**Task brief:** Begin the copy at the line containing "Bonnet diver, Podiceps" in the data below and end it at the line containing "Quirky Venue, Non-traditional", keeping each line exact and leaving out pictures.

**Excerpted records:**
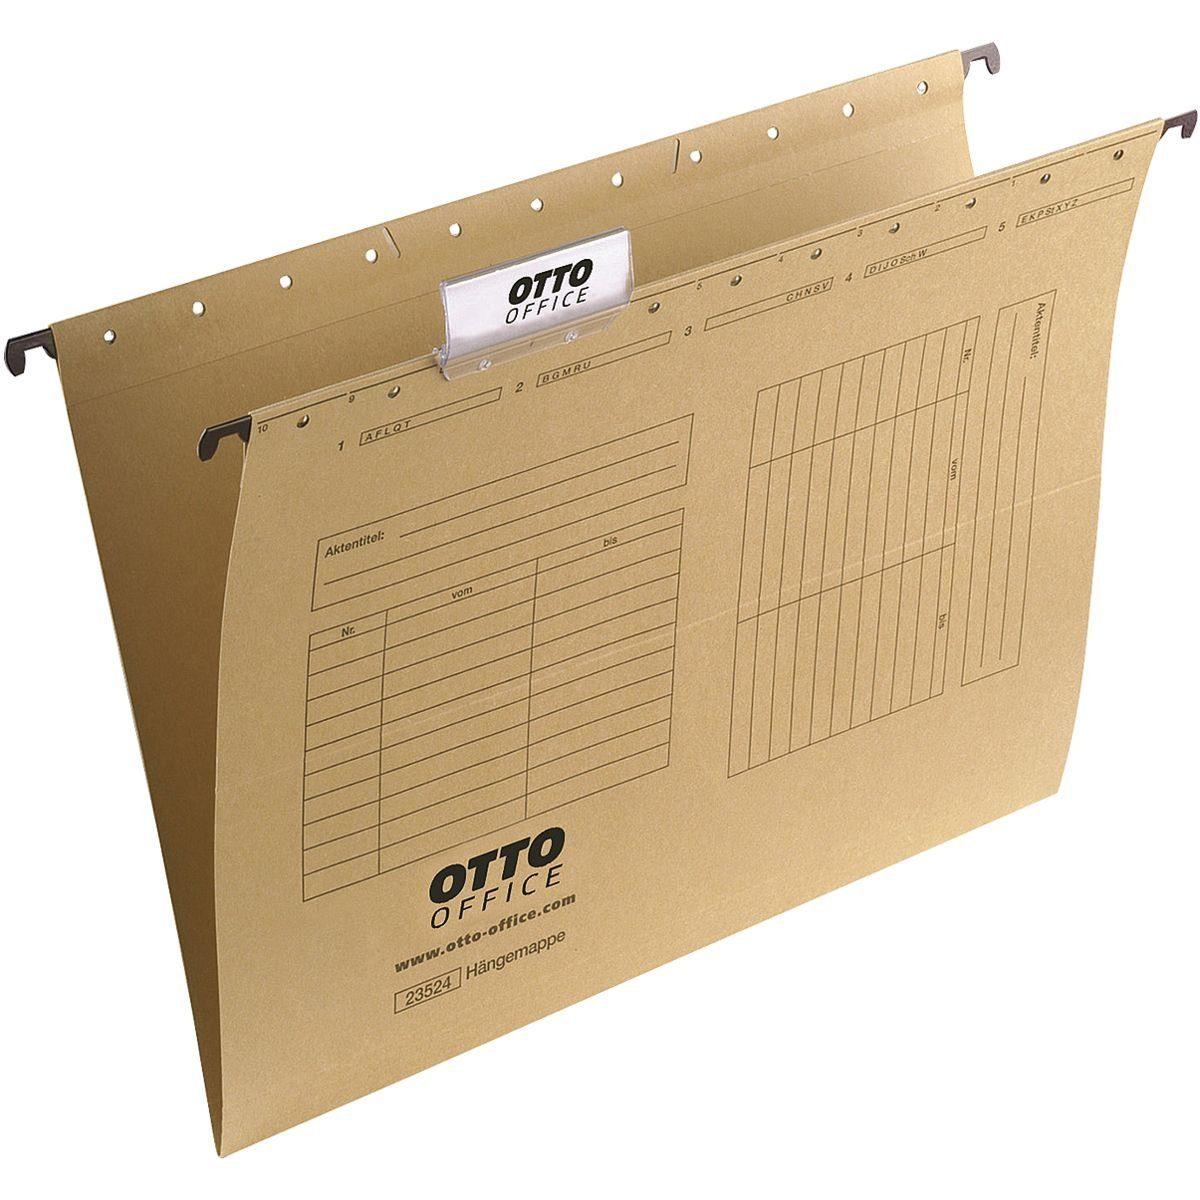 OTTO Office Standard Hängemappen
==
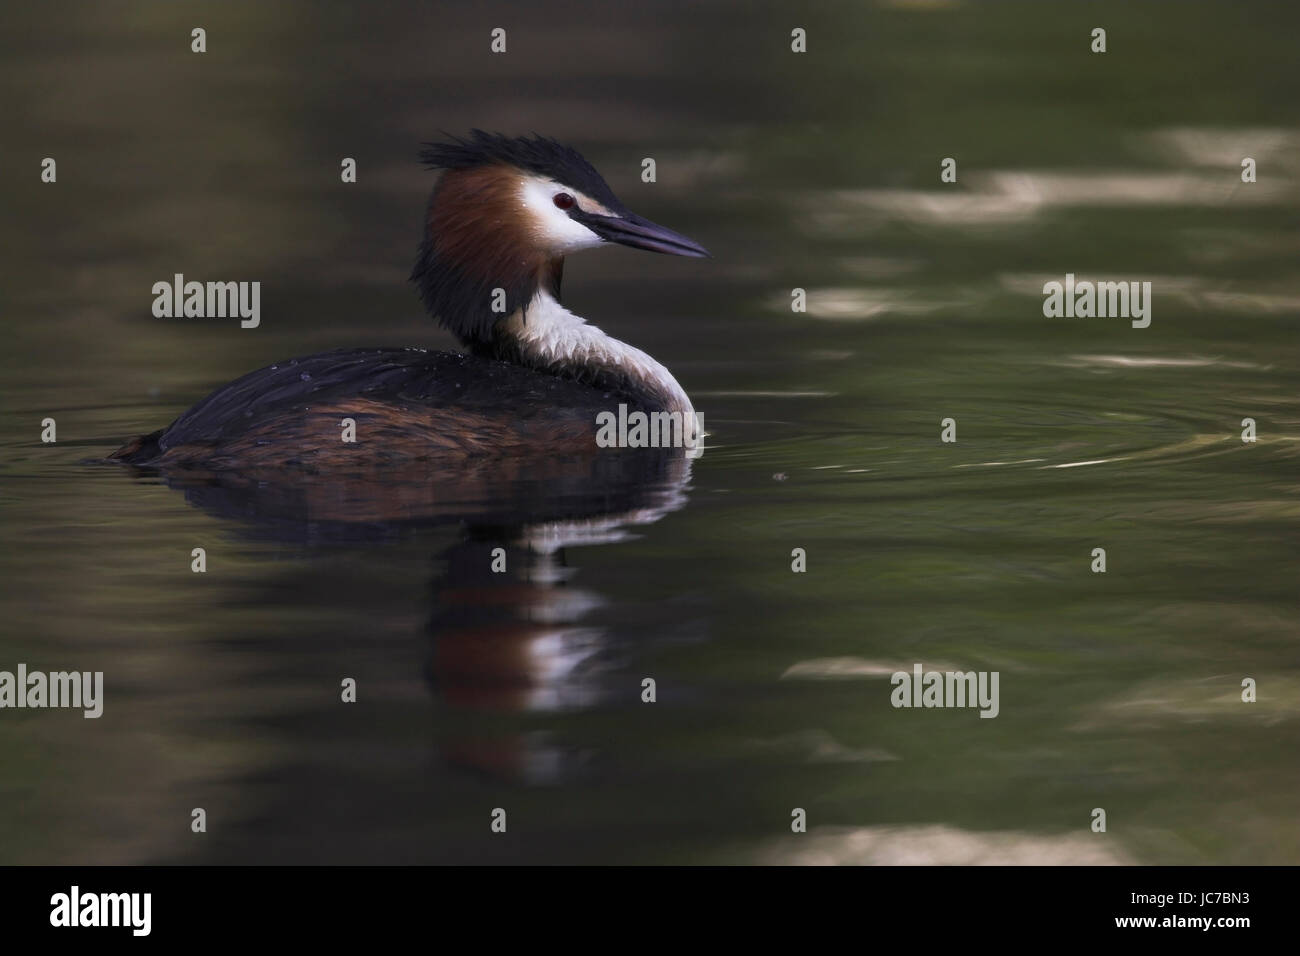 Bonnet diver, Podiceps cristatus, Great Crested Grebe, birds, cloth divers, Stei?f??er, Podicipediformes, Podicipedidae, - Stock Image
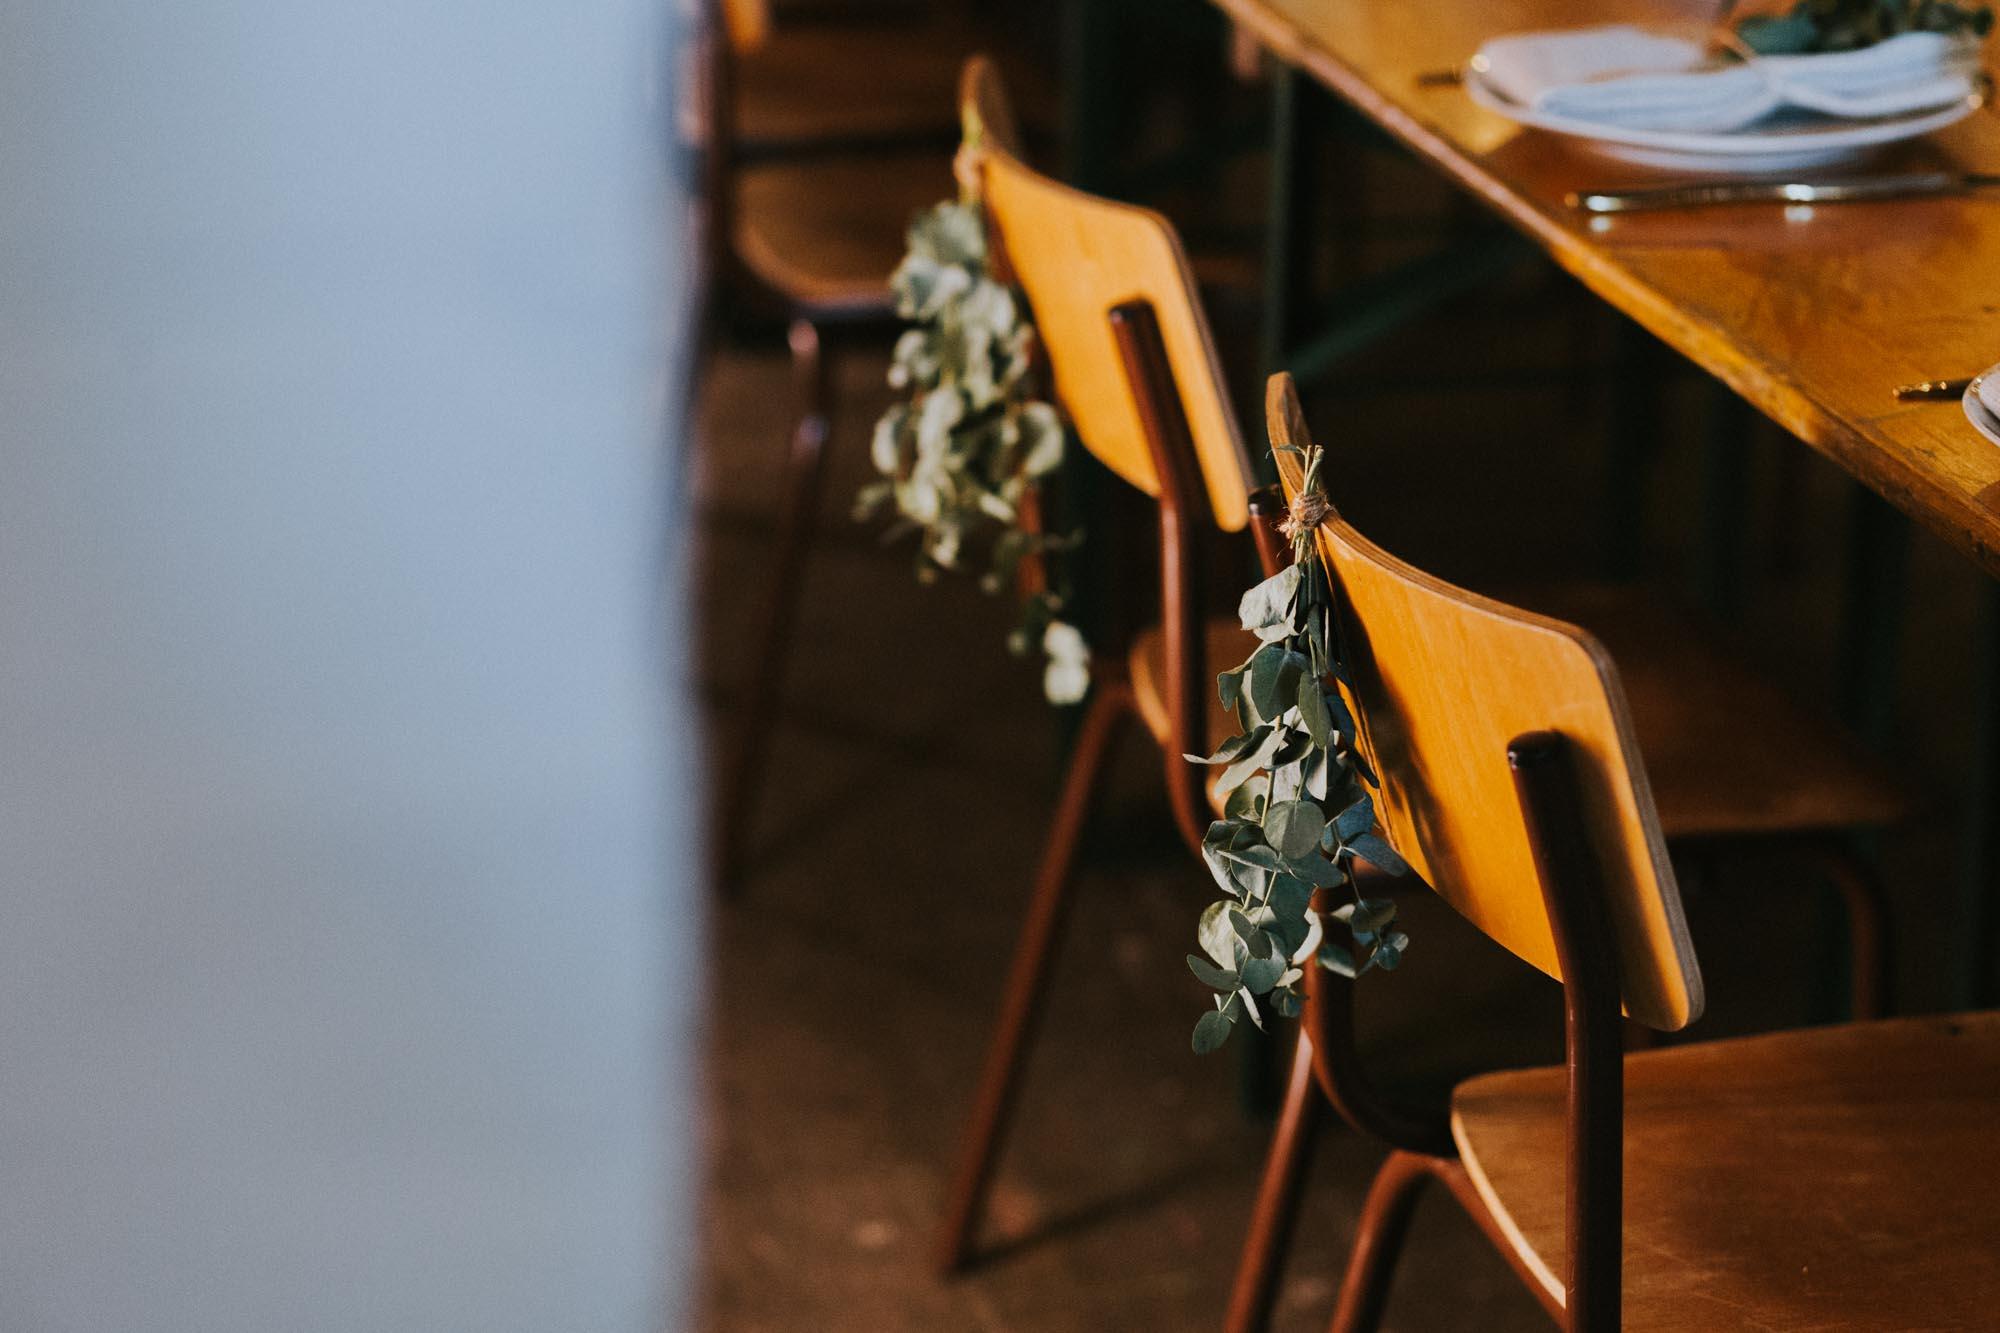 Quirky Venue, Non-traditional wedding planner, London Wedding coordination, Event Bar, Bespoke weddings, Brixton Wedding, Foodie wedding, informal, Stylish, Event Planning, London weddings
--
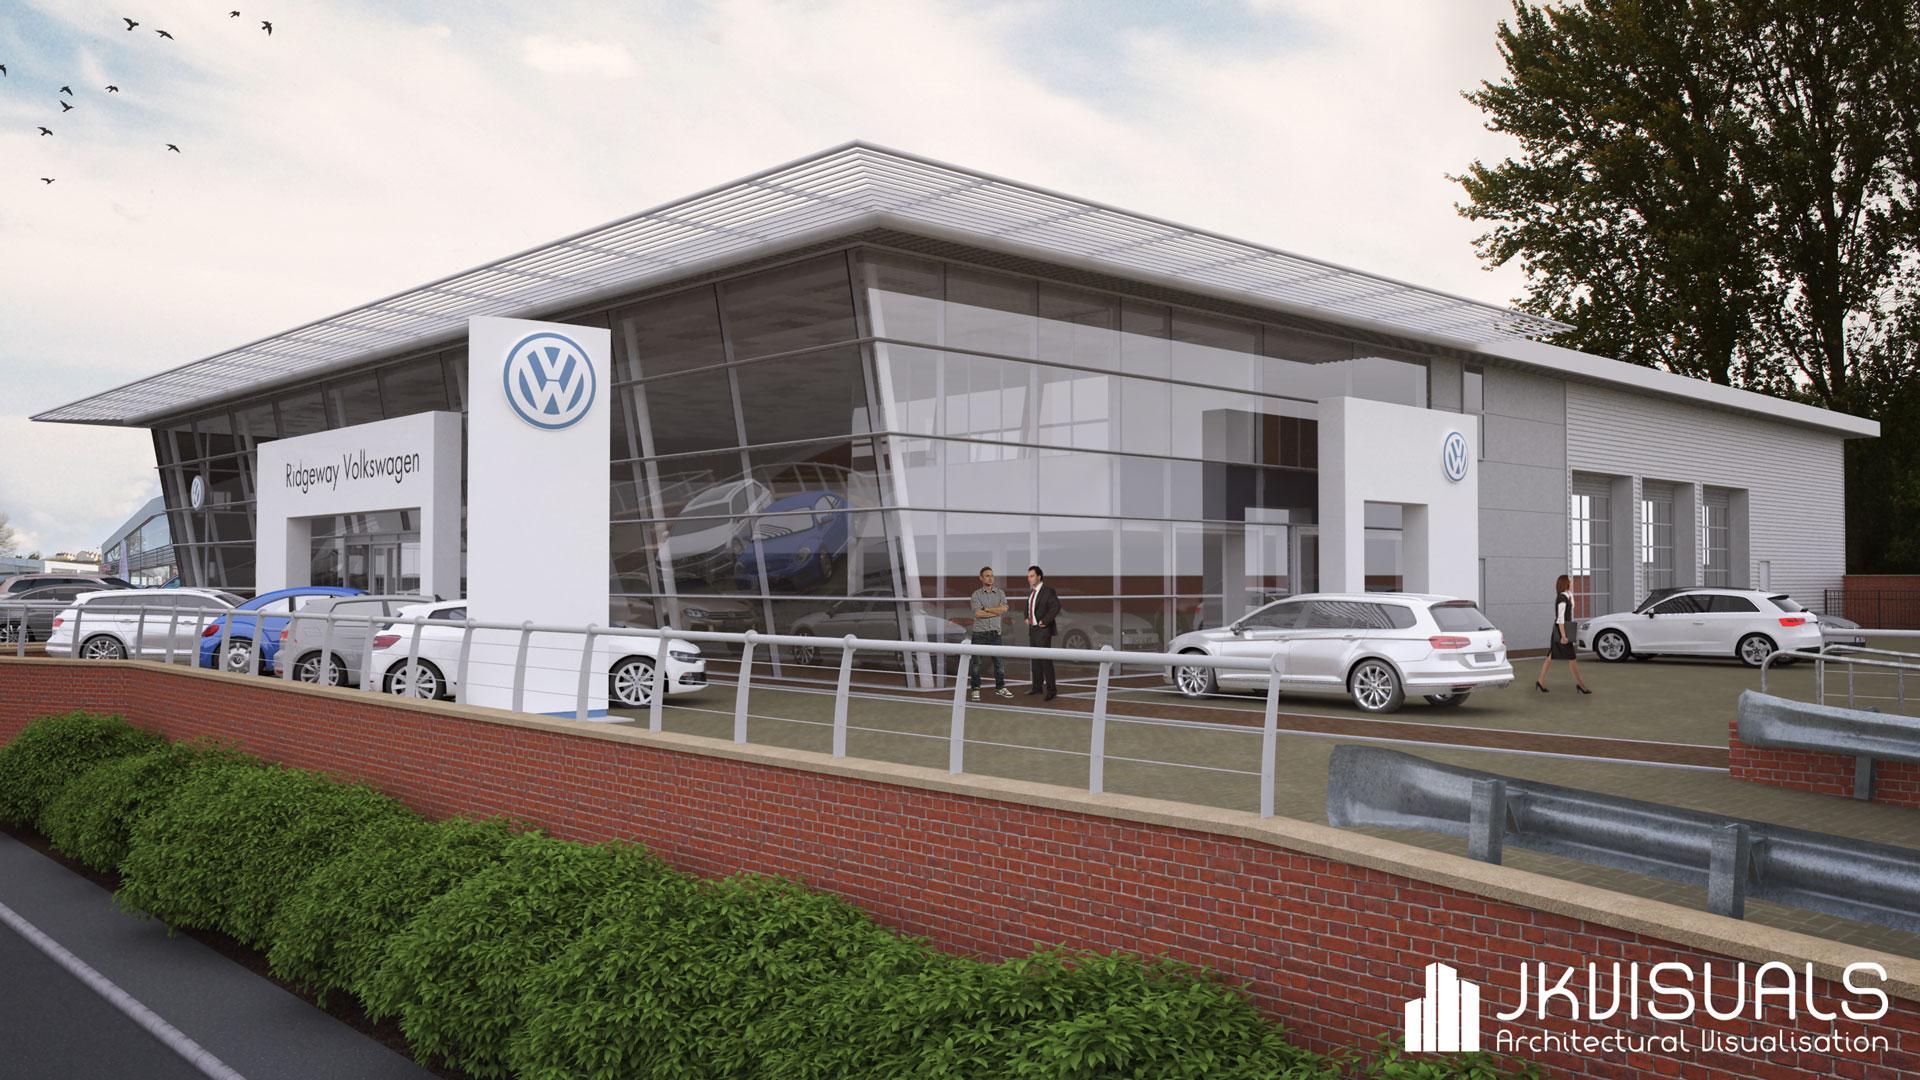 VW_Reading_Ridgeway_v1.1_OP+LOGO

**Task result:**
 Bonnet diver, Podiceps cristatus, Great Crested Grebe, birds, cloth divers, Stei?f??er, Podicipediformes, Podicipedidae, - Stock Image
 Quirky Venue, Non-traditional wedding planner, London Wedding coordination, Event Bar, Bespoke weddings, Brixton Wedding, Foodie wedding, informal, Stylish, Event Planning, London weddings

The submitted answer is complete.